_Task requirements:_
Pictures aside, reproduce exactly each line from the one holding "now smell like" through the last line of the material, both ends included.

_Collected data:_
++++++
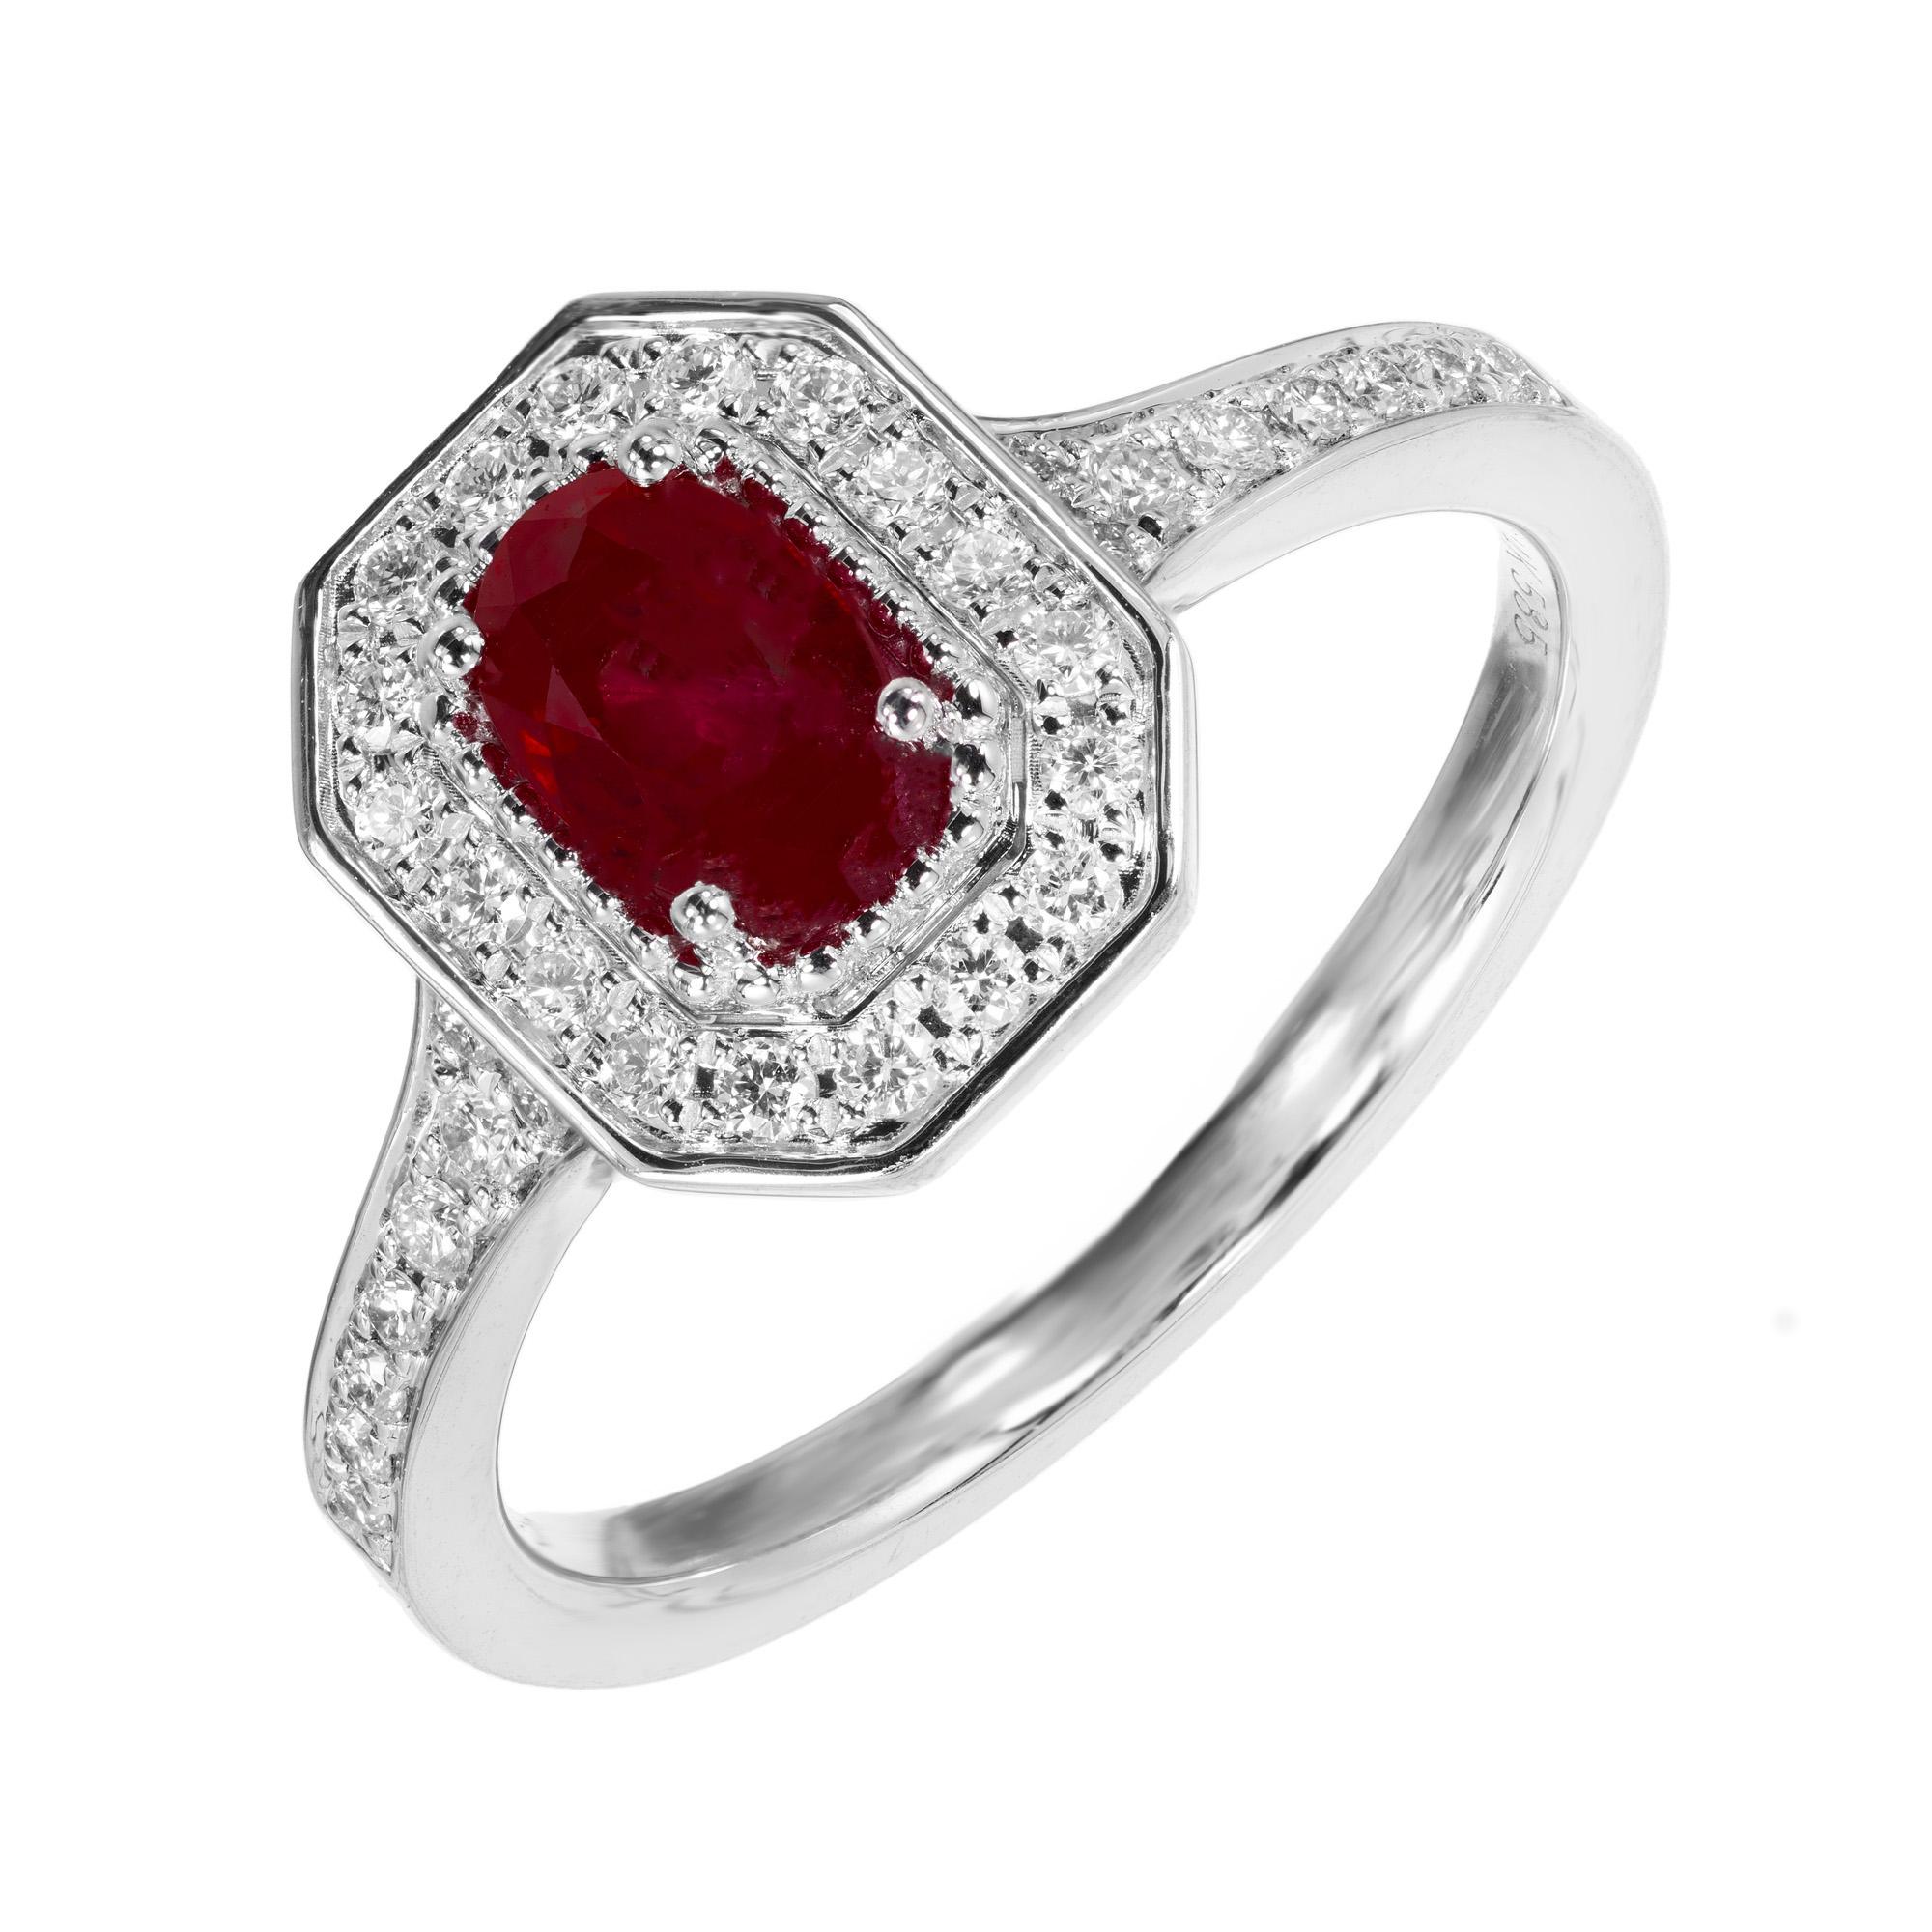 Oval ruby and diamond engagement ring. .77ct oval center ruby, mounted in a 14k white gold octagonal setting with a halo of round brilliant cut diamonds. Accent diamonds also run along both shoulders. Designed and crafted in the Peter Suchy
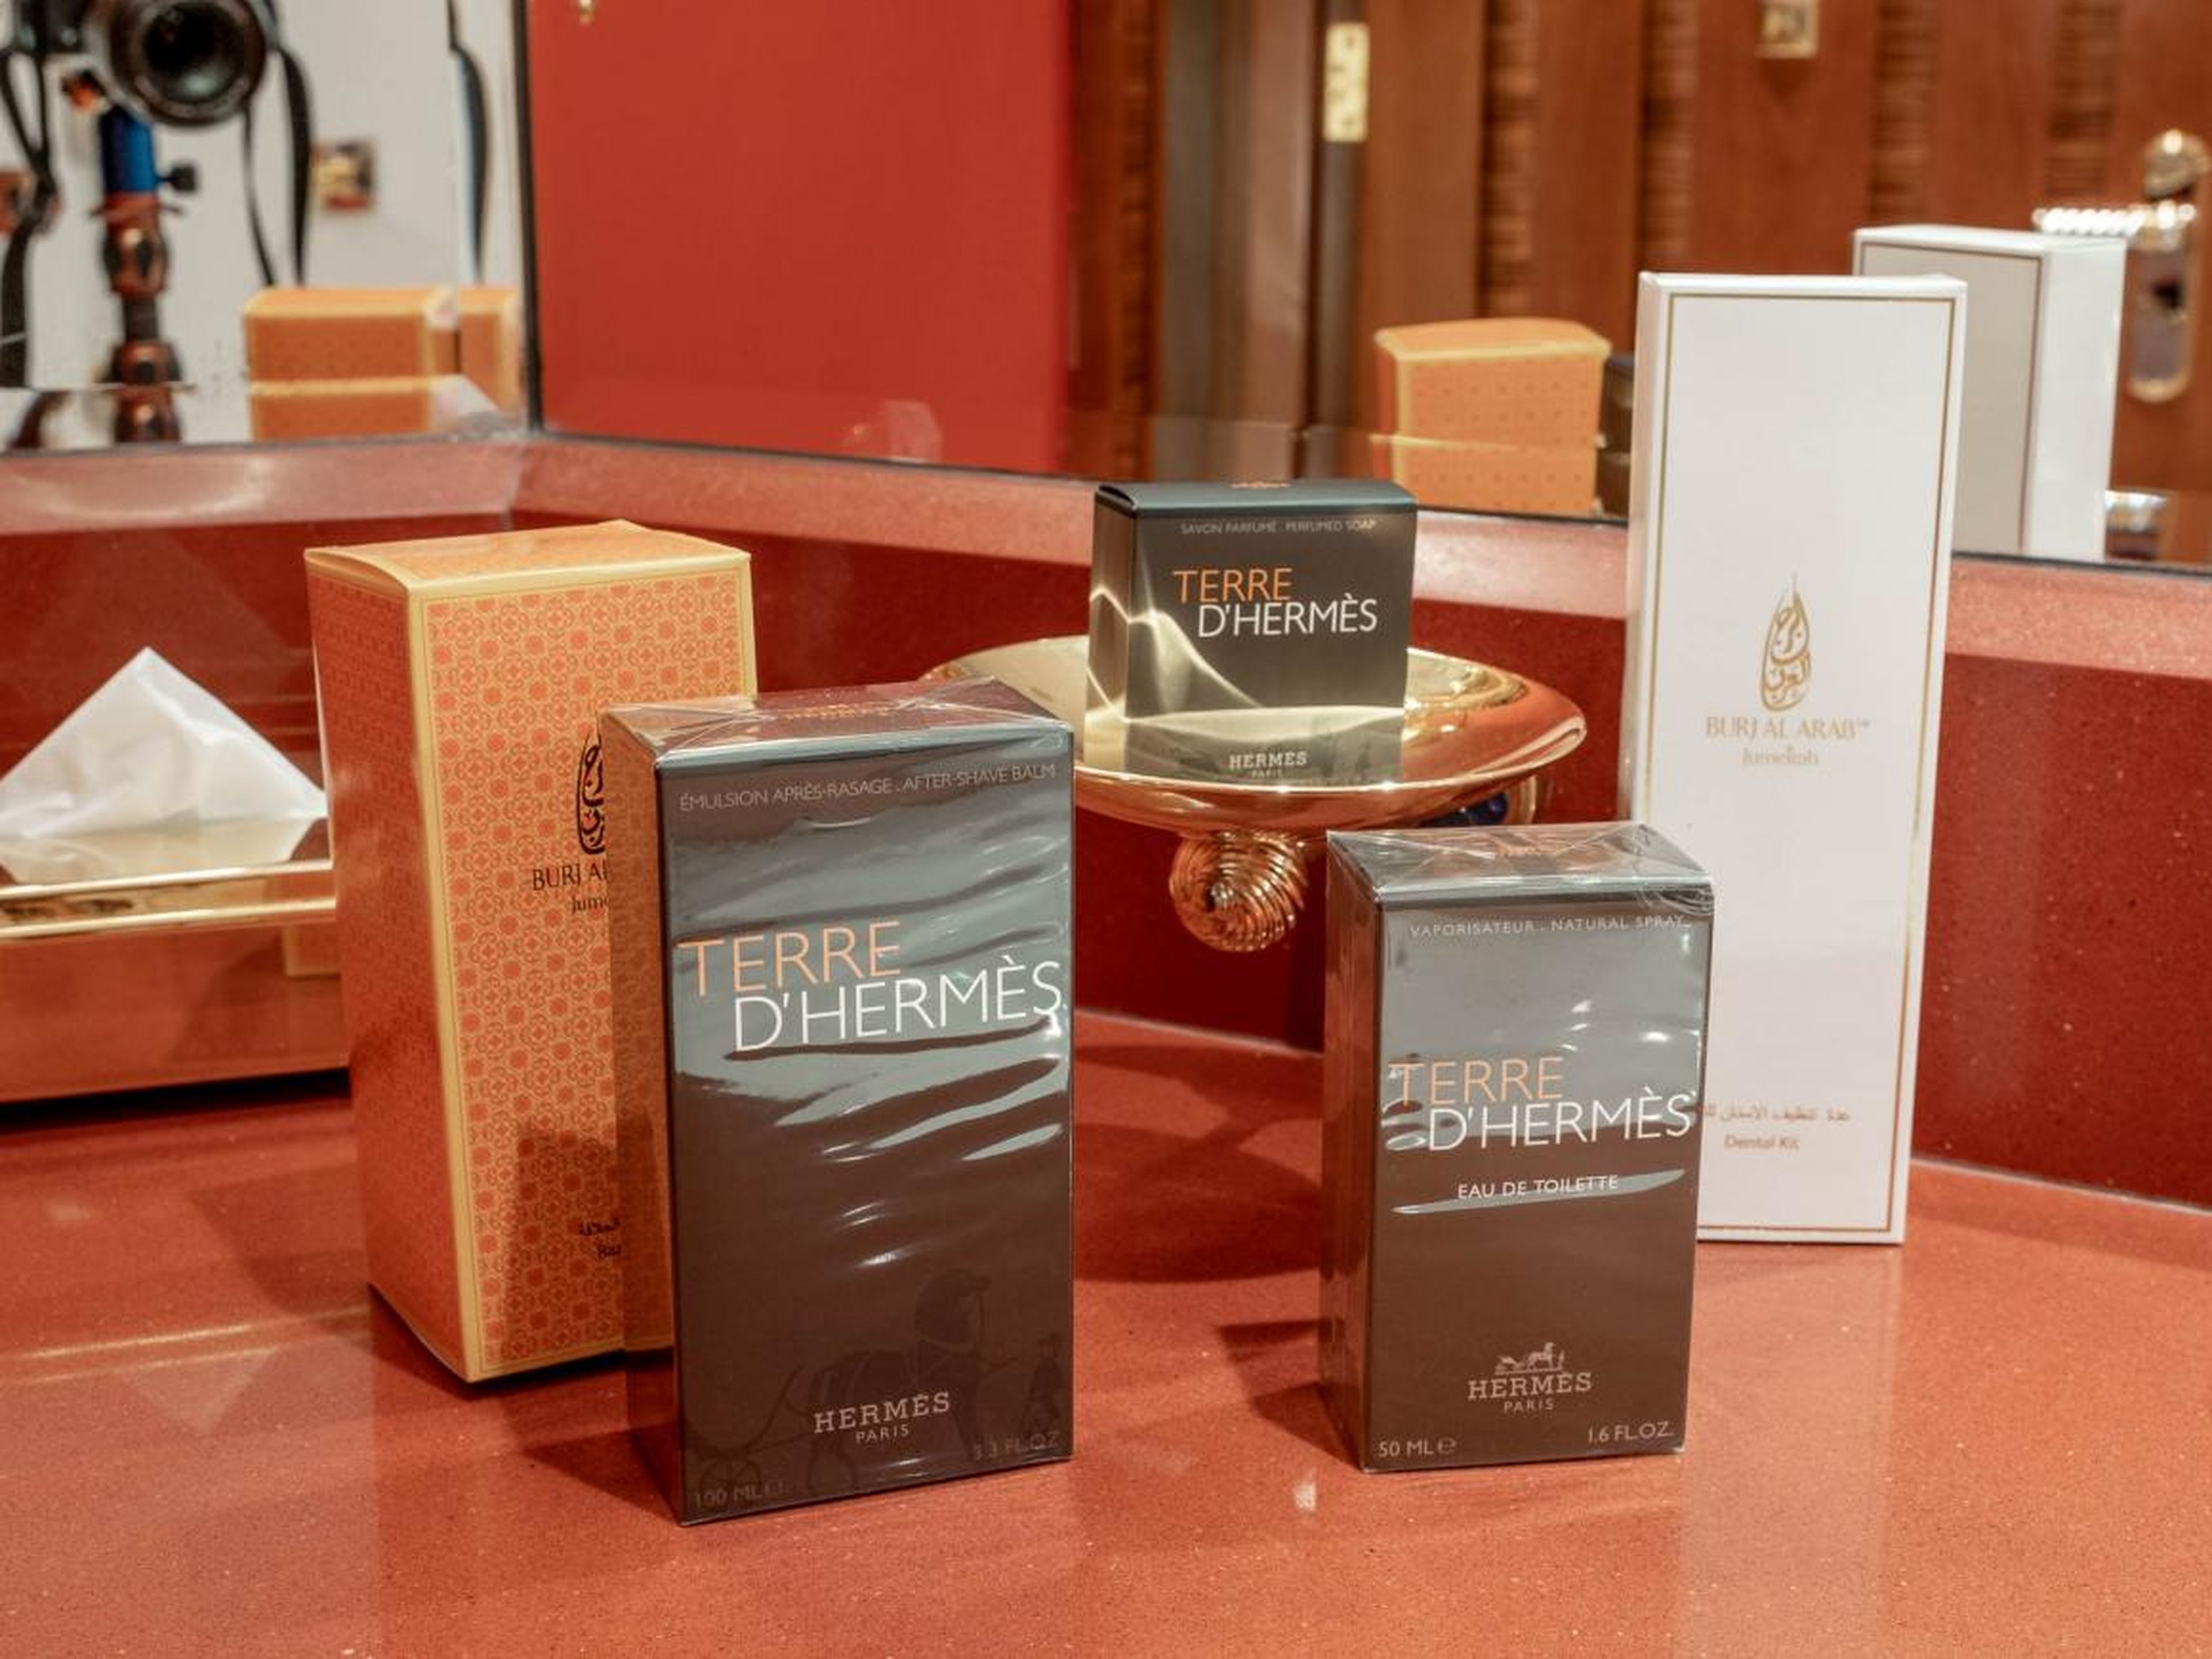 ... but it's not the set of full-size his-and-hers Hermès toiletries, including cologne and perfume, that each Burj room comes with. I kept the bar of Hermès body soap and stuck it in my suitcase. All my clothes now smell like
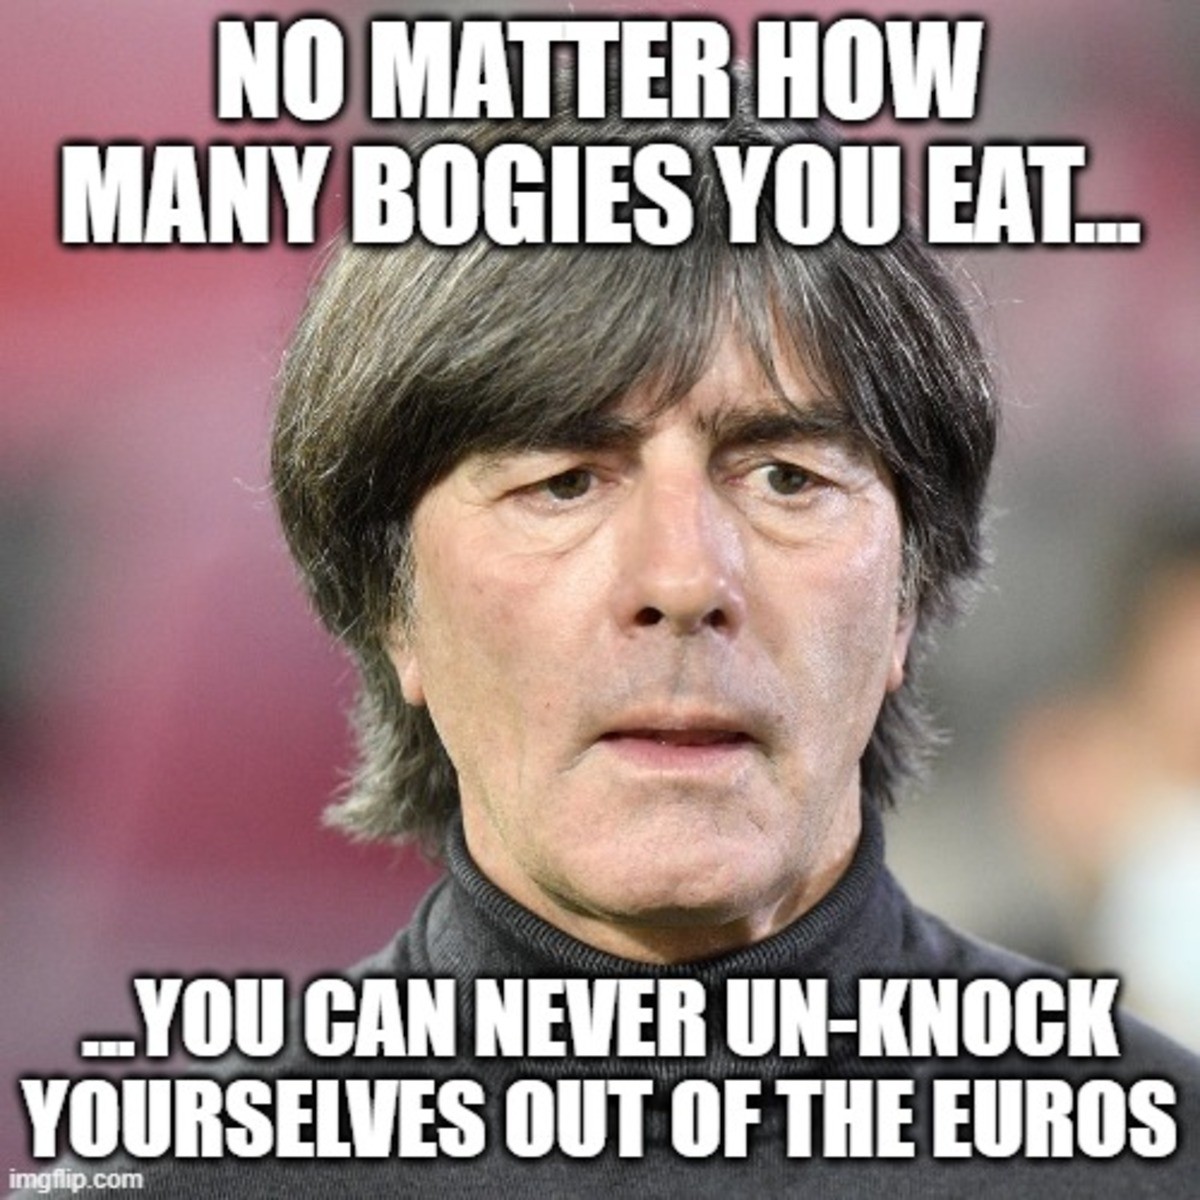 It's Still Coming Home!. .. Thanks Ingerland for ending Löw. Finally we can be free.
++++++
_Final answer:_
 ... but it's not the set of full-size his-and-hers Hermès toiletries, including cologne and perfume, that each Burj room comes with. I kept the bar of Hermès body soap and stuck it in my suitcase. All my clothes now smell like
 It's Still Coming Home!. .. Thanks Ingerland for ending Löw. Finally we can be free.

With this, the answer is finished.